Citations:vaccicide
Jump to navigation
Jump to search
English citations of vaccicide
Noun: the act of killing a cow
[edit]- 1887, Maj. Gen. David John Falconer Newall, The Highlands of India, volume II: Being a Chronicle of Field Sports and Travel in India, London: Harrison and Sons / Isle of Wight: Brannon and Co., section i: “Cashmere”, chapter iv: ‘A Summer’s Night in Cashmere — Bear Shooting in the Mulberry Groves — Sopûr — Fishing in the Wooler Lake — Sailing up the River Jhelum — Life & Legends in the City of Roses’, page 49:
- Some of the finest grazing land in India is to be seen along the banks of this river, on either side, and it could not but occur to me what magnificent herds of cattle might here be raised; but of course a Hindoo Government would regard as the greatest of crimes any such project; in fact, cow killing in Cashmere is punished as a worse crime than homicide! Travellers to Cashmere in those days — entering the valley by the Shupeyon route — will perhaps remember the skeleton of a man hanging in rusty chains from a prominent bough of the first large tree which met the eye on emerging from the Heerpore pass. That wretch was hanged for vaccicide! We were reminded of that ghastly sight by another still more gruesome: the skeleton of a parricide in a cage on the bank of the river just below the city; the bones rattling in the wind, and crows perched on the gibbet above — a terrible example of Maharajah Golaub Sing’s Draconian laws!
- 1900, Mrs Ashley Carus-Wilson, Irene Petrie: Missionary to Kashmir, London: Hodder and Stoughton (third edition, 1901), chapter xi: “With the Boys of Kashmir”, page 249:
- He has a great reverence for the bovine species, for Apis is sacred to the Kashmiri, as it was to the Egyptian, and in Kashmir “vaccicide” is a capital crime.
- 1987, Alfred Phillips, The Lawyer and Society, Ardmoray Publishing, →ISBN (10), →ISBN (13), page 127:
- The users of the term “culpable homicide” are those involved in the criminal law field in Scotland, while the sayers of “vaccicidal” are the inhabitants of Anthony Burgess’ imaginary world. The former term is being used in its literal sense as an aid to precision, the other is being used metaphorically, hyperbolically, purely for effect; Anthony Burgess is not confessing to the crime of culpable vaccicide. Is he then using jargon? He has no need to give a show of learning; he might admit, though, that the sayers of “vaccicidal,” if they existed, would be using jargon.

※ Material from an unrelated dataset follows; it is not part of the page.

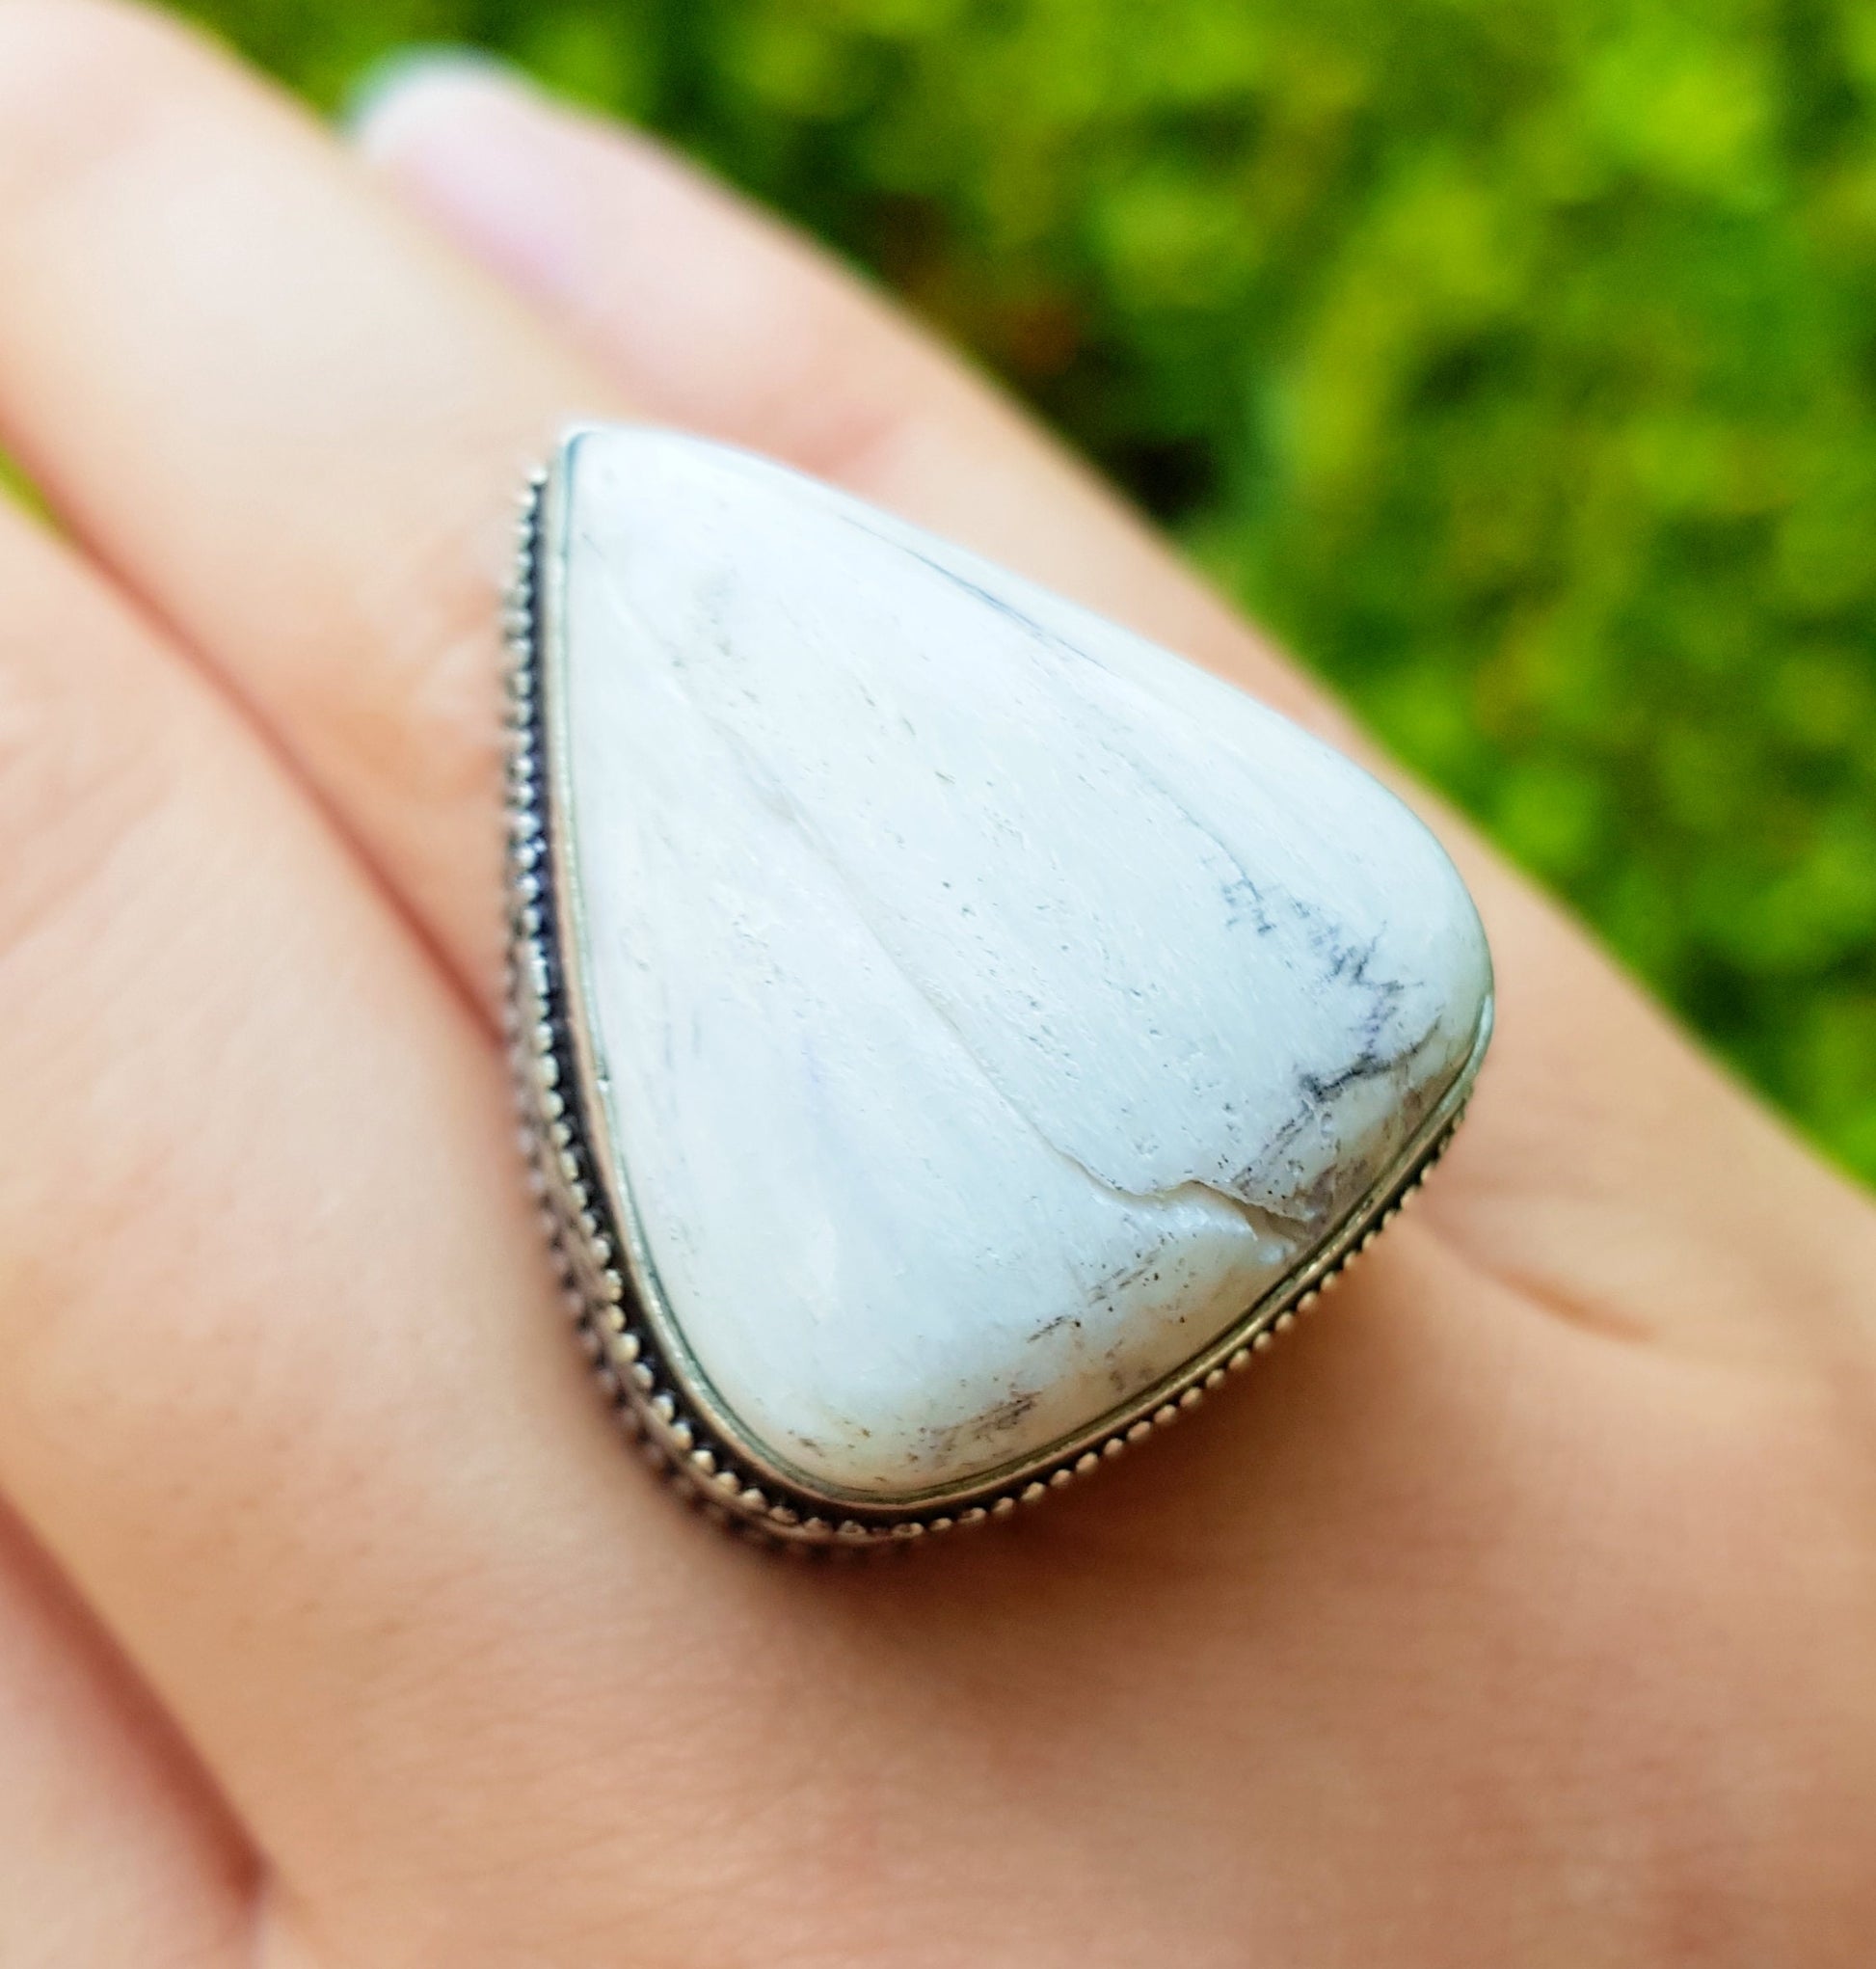 White Agate Ring In Sterling Silver SizeUS 6 1/2 Statement Ring Unique Gift Teardrop Ring GypsyJewelry

French citations of vaccicides
Noun: killer of cows
[edit]- 1865, Chérubin Kerdoel, “Le lait de Paris” in the Journal d’agriculture, sciences, lettres et arts, rédigé par des membres de la Société d’Émulation de l’Ain, volume LV, Bourg: Imprimerie de Millier-Bottier, page 372:
- Je veux me passer, en ce moment, la fantasie de jeter une pierre dans le jardin des partisans de la stabulation permanente des vaches, et si je suis trop poli pour les appeler assassins, je n’aurai aucun scrupule de les qualifier de vaccicides. La chose est la même, le mot est plus laid, l’hypocrisie du terme y gagne seule quelque chose.
- At this moment, I wish to dispense with the fantasy of throwing a stone in the garden of the proponents of the permanent stabling of cows, and if I am too polite to call them murderers, I shall have no qualms about qualifying them as vaccicides. The thing is the same, the word is more ugly, the hypocrisy of the term gains only something.